The Ayers/Giella art on the story by Wessler is rough, and the story itself is a confusing tale about a guy's ghost haunting his hotel, but then returning to his body to animate it so he doesn't know he's driving his own customers away. Or dead. The second story by Wessler and the Redondo Studio is kind of amusing as a money-grubbing, abusive orphanage operator gets smacked around by the ghosts of the parents of a young girl she won't let get adopted because she wants to milk the girl's inheritance. "Spirit, Don't Save Me!" by Kashdan and Mandrake has a chemist killing his partner, but then getting so badly burned by chemicals he wants to die, but his partner's ghost gets him medical attention to keep him alive and prolong his agony.

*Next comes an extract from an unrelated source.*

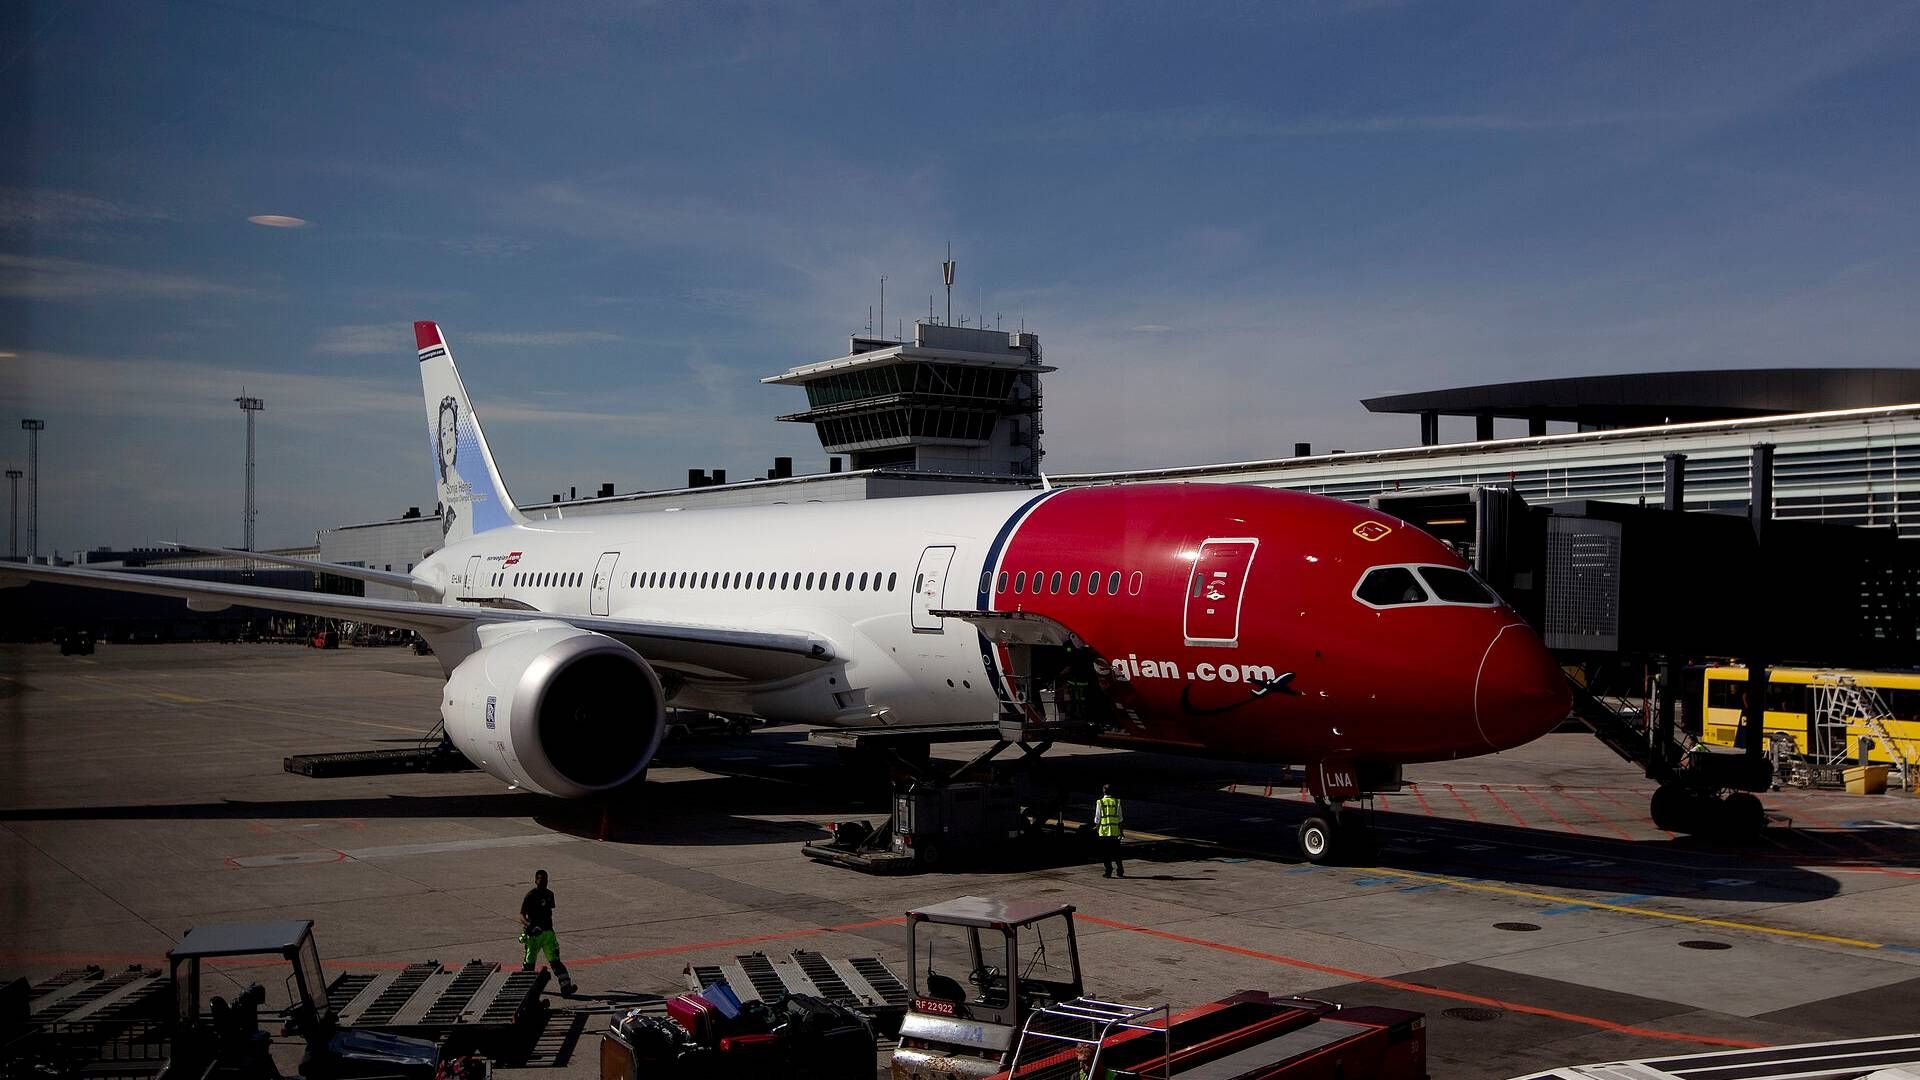 "Det er det samlede afgiftsniveau, der vil være afgørende for luftfartsbranchen,” skriver minister. | Foto: Finn Frandsen/Politiken/Ritzau Scanpix

G.I. Combat #227: Three Haunted Tank yarns, as usual, all by Kanigher, Ayers and Glanzman (who trade off penciling and inking). The first one at least has novelty going for it, in that it's told from the point of view of the tank. Not the ghost of a Civil War general haunting the tank, but the tank itself. This highlights one interesting thing about the Haunted Tank, that I didn't expect before I embarked on this project, which is it isn't always the same tank. In fact, it might be multiple tanks in one story. Okay, perhaps it's not that interesting. Anyway, we've also got "The Bleeding Target" wherein one of the tank crew realizes the tanks he's blowing up actually have living people on the inside, and the best of the three, "The 13th Kill," where the Haunted Tank helps take out an installation protecting a u-boat pen, and manages to out smart a German tank commander "ace."

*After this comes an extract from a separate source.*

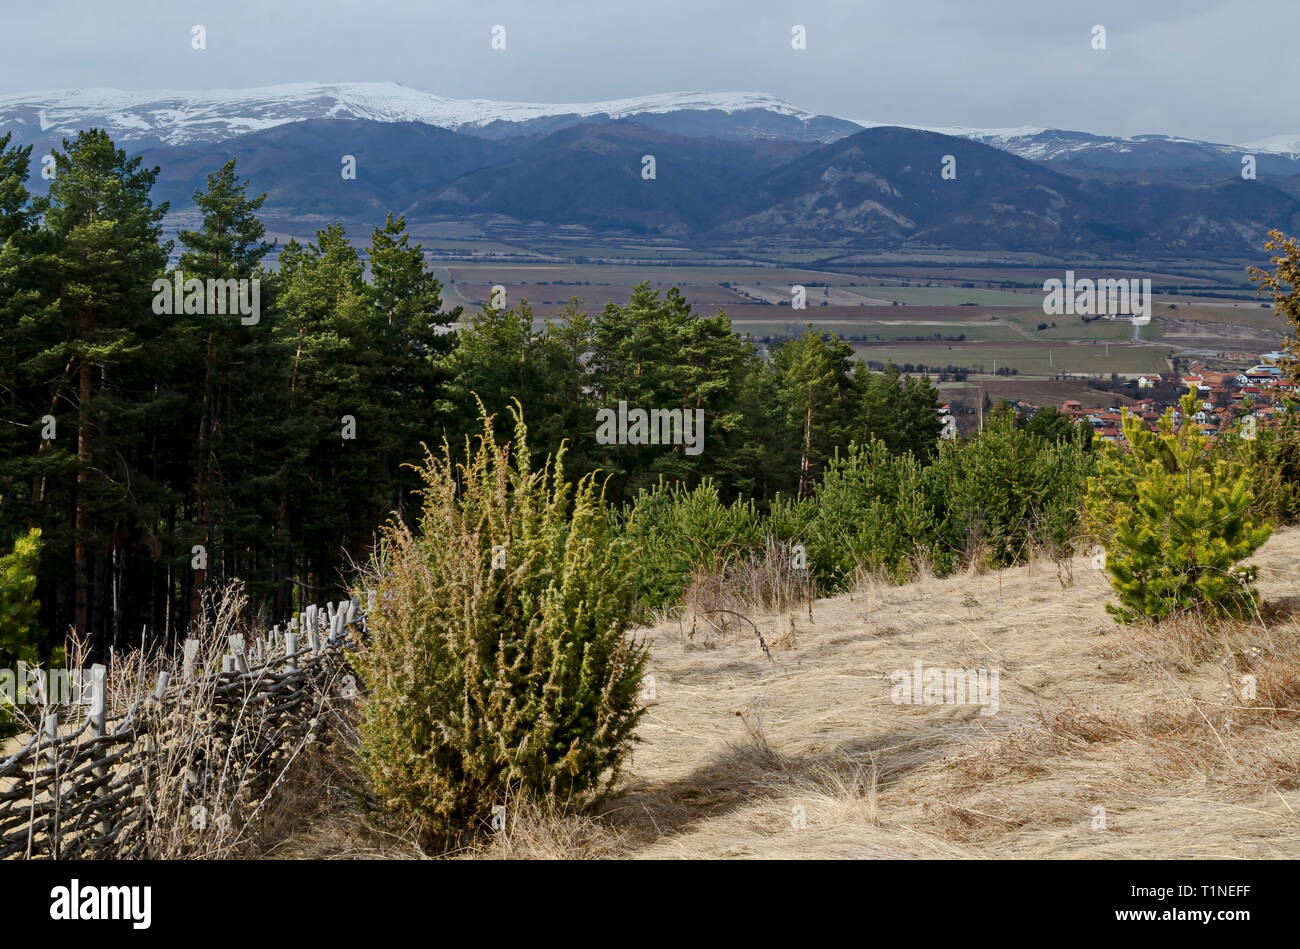 Parte dell'Zlatitsa Pirdop Valley vicino a villaggio Chavdar con graticcio, sullo sfondo della neve montagna balcanica, Sofia, Bulgaria, Europa Foto Stock

The O.S.S. story has always-interesting Grandenetti art. In it, an agent poses as a dead parachutist (thanks to a drug) to fool the Germans into thinking they've gotten secret intel on Allied plans, but it's all a ruse to plant disinformation. Kashdan and Borillo give us the obligatory Korean War story, with a soldier shooting in Morse Code to give the U.S. forces the enemy's position. Finally, a Marine tricks his buddy with kids in to letting him be the one to take the suicide mission in the perfunctory "Helping Hand."

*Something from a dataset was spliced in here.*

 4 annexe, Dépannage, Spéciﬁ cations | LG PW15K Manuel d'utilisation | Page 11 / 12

Jonah Hex #46: This Fleisher/Ayers and DeZuniga story may be the highlight this week. Hex and his new bride are trying to find a town where they can buy land and settle down, but face prejudice at every turn as a mixed race couple. Taunted by bigoted goons in one town, Hex has had enough--but his bride reminds him of his vow to forsake violence. The bigots don't give up so easy though and follow the Hexes as they leave town. When a broken wagon axle leaves Hex unable to walk with an injured back, and Mei Ling rides into town for help, the goons come after him. Hex injured and with jammed pistols, uses his knife, a convenient rattlesnake, a field fire, and final concealed rotten boards in a barn to dispatch his foes in a kind of rural Die Hard. It all ends happily with the doctor Mei Ling found agreeing to sell them some land.

The Scalphunter backup by Conway and Ayers sees Ke-Woh-No-Tay go through some torturous rituals to join the Mandan tribe. He completes them, though, and there's a girl there he's interested in, but trouble rears it's head as the tribe has captured an old trader, a friend of his father's.

1 comment:

Higgipedia said...

Oh man, Haunted Tank. That brings me back.